Data block:
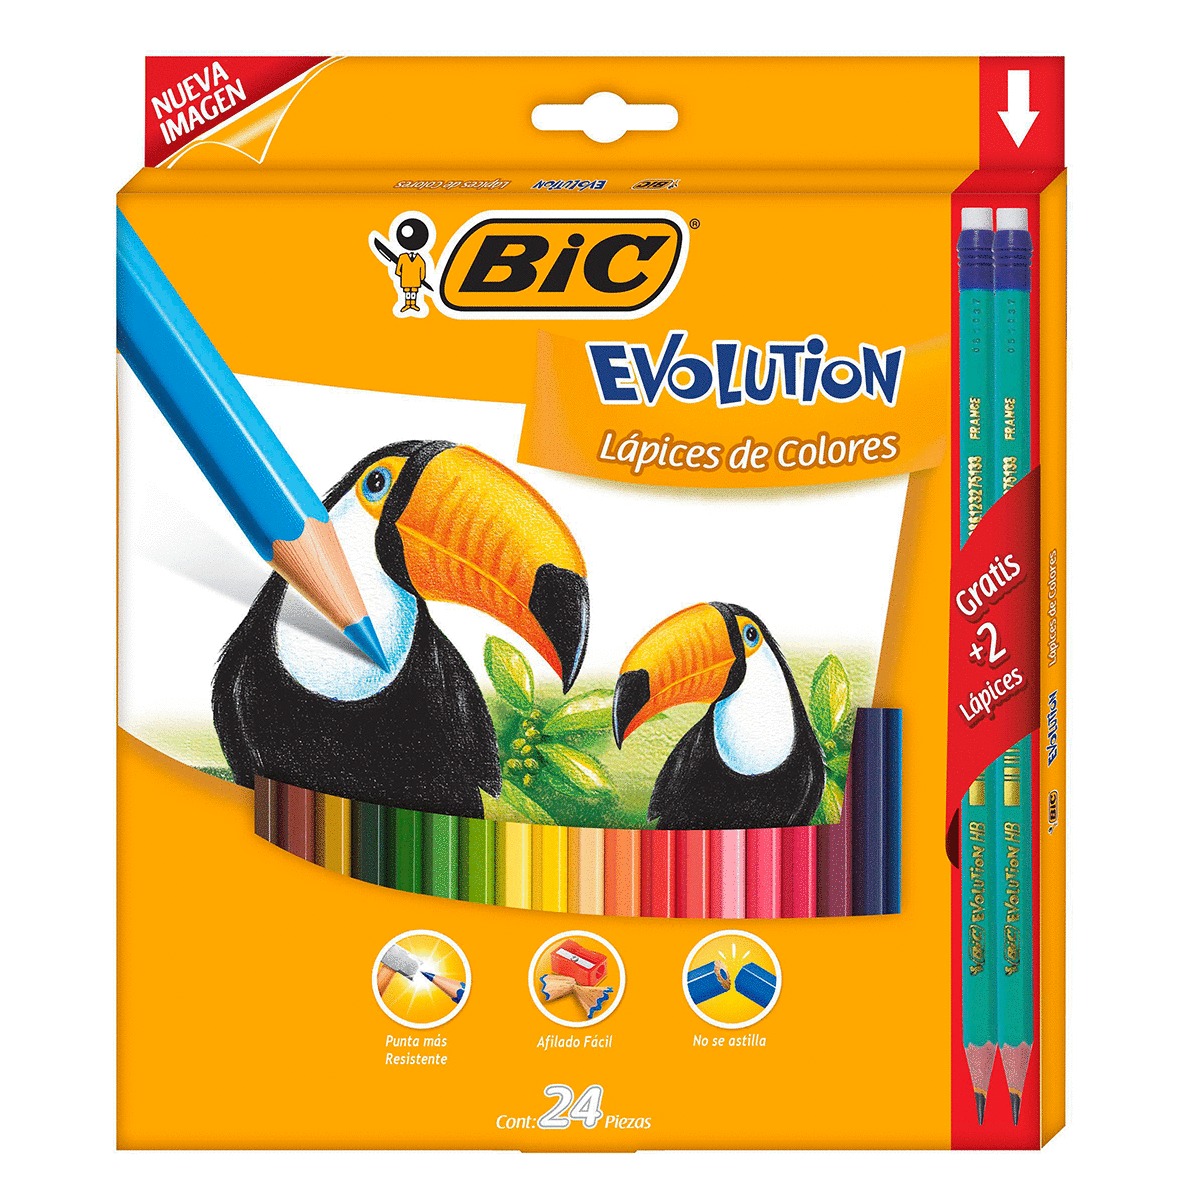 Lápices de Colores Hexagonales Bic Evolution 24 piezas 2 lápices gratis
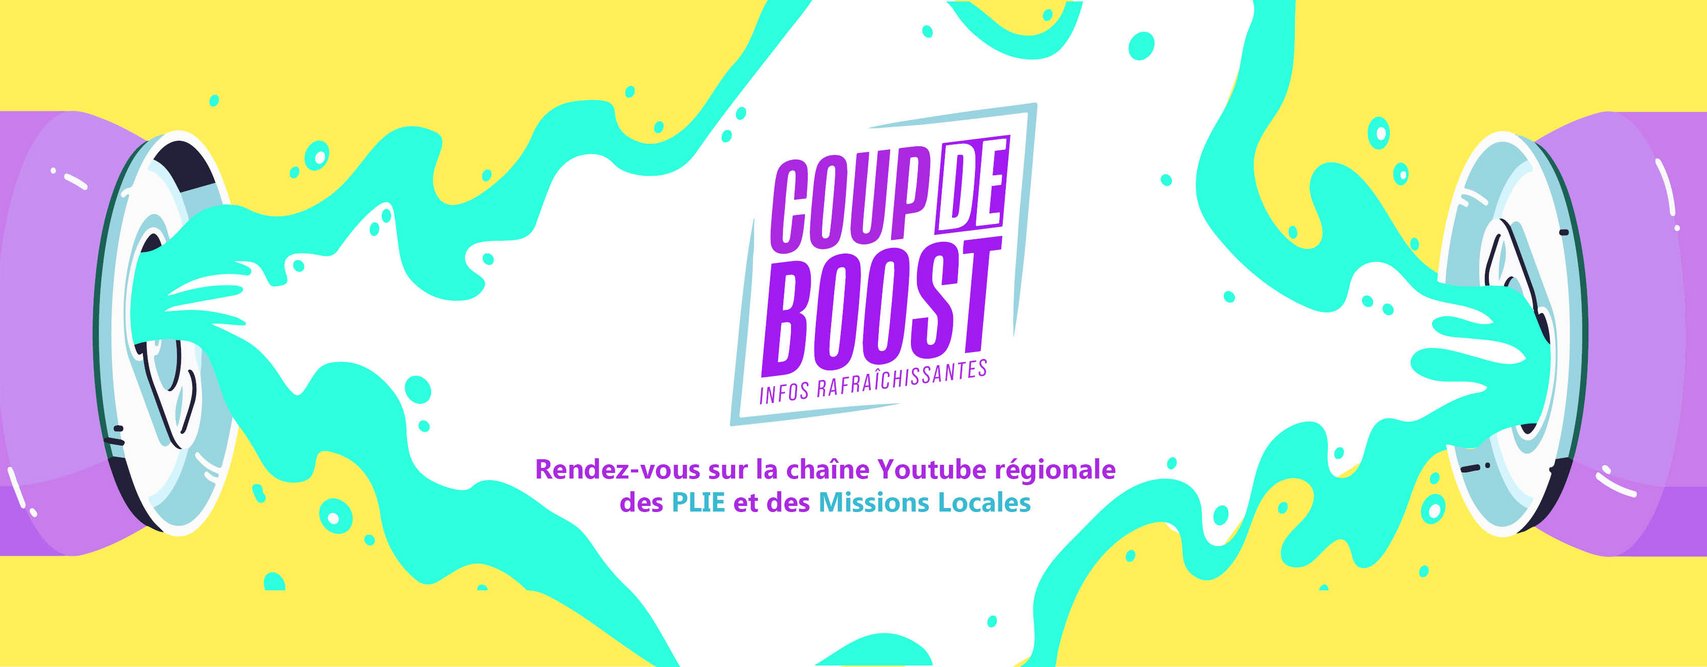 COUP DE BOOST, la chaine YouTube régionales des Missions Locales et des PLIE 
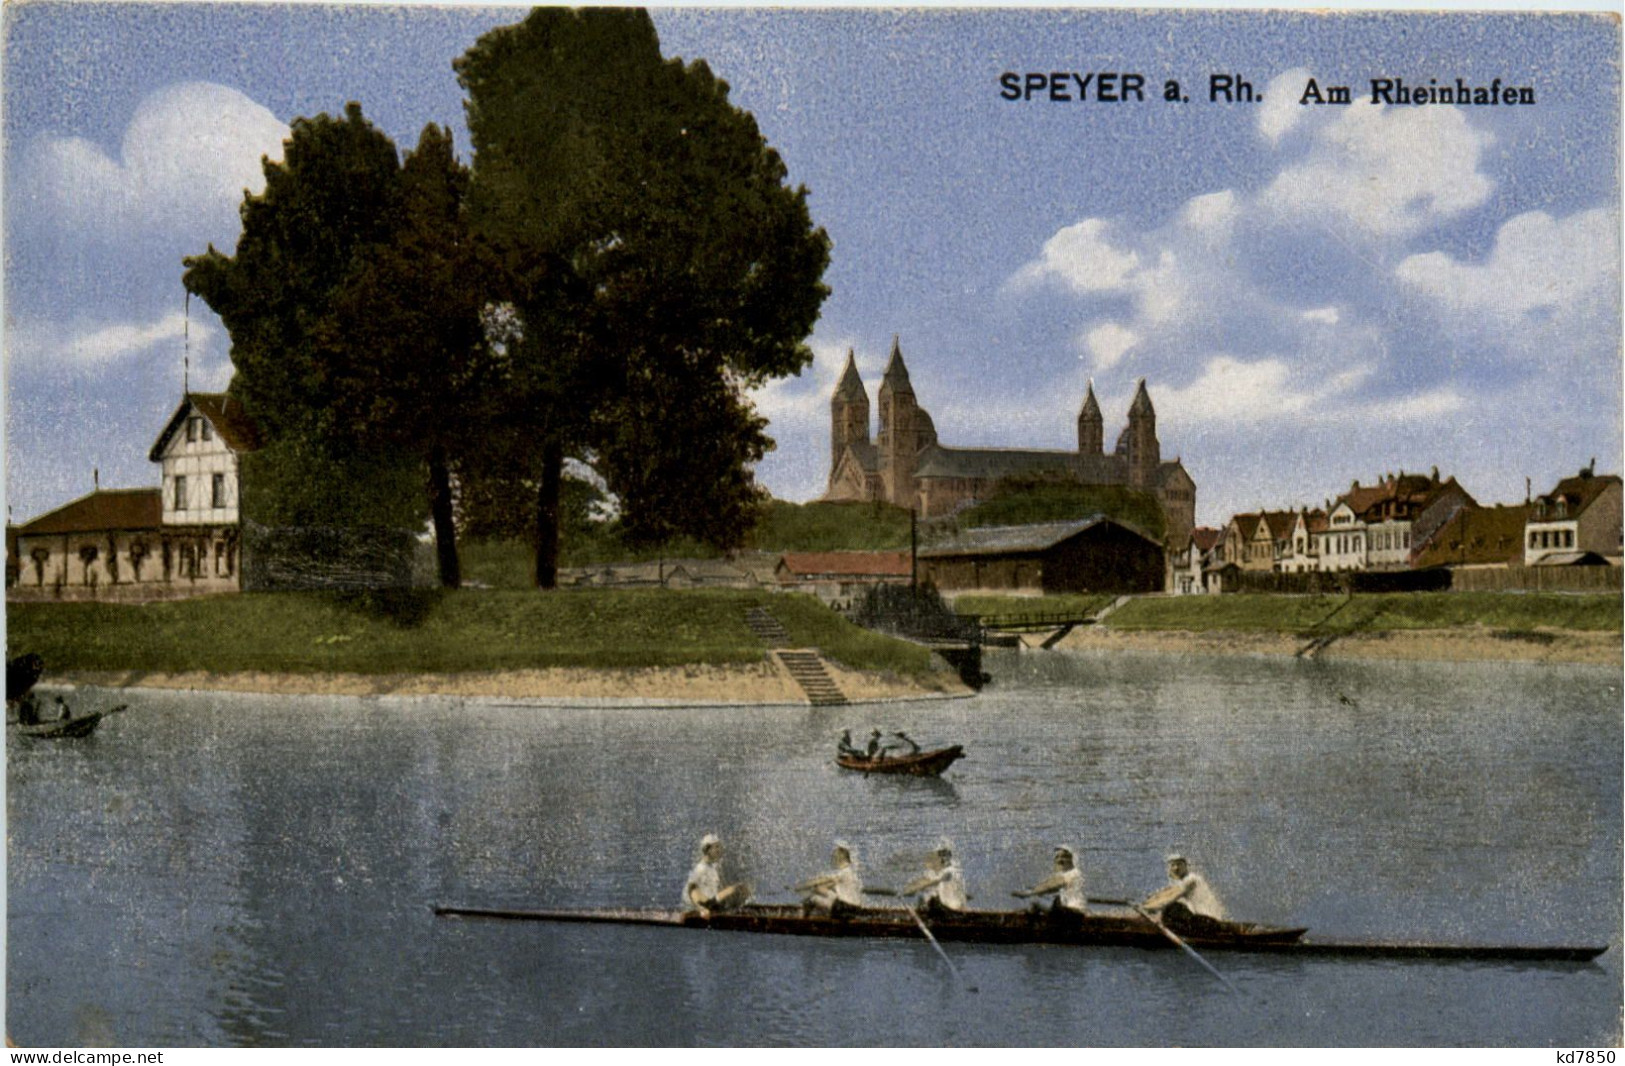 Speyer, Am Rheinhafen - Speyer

Work task: Give the lines from the one containing "COUP DE BOOST, la" through the final line of the material again, exactly and in full, but without pictures.

Response:
 COUP DE BOOST, la chaine YouTube régionales des Missions Locales et des PLIE 
 Speyer, Am Rheinhafen - Speyer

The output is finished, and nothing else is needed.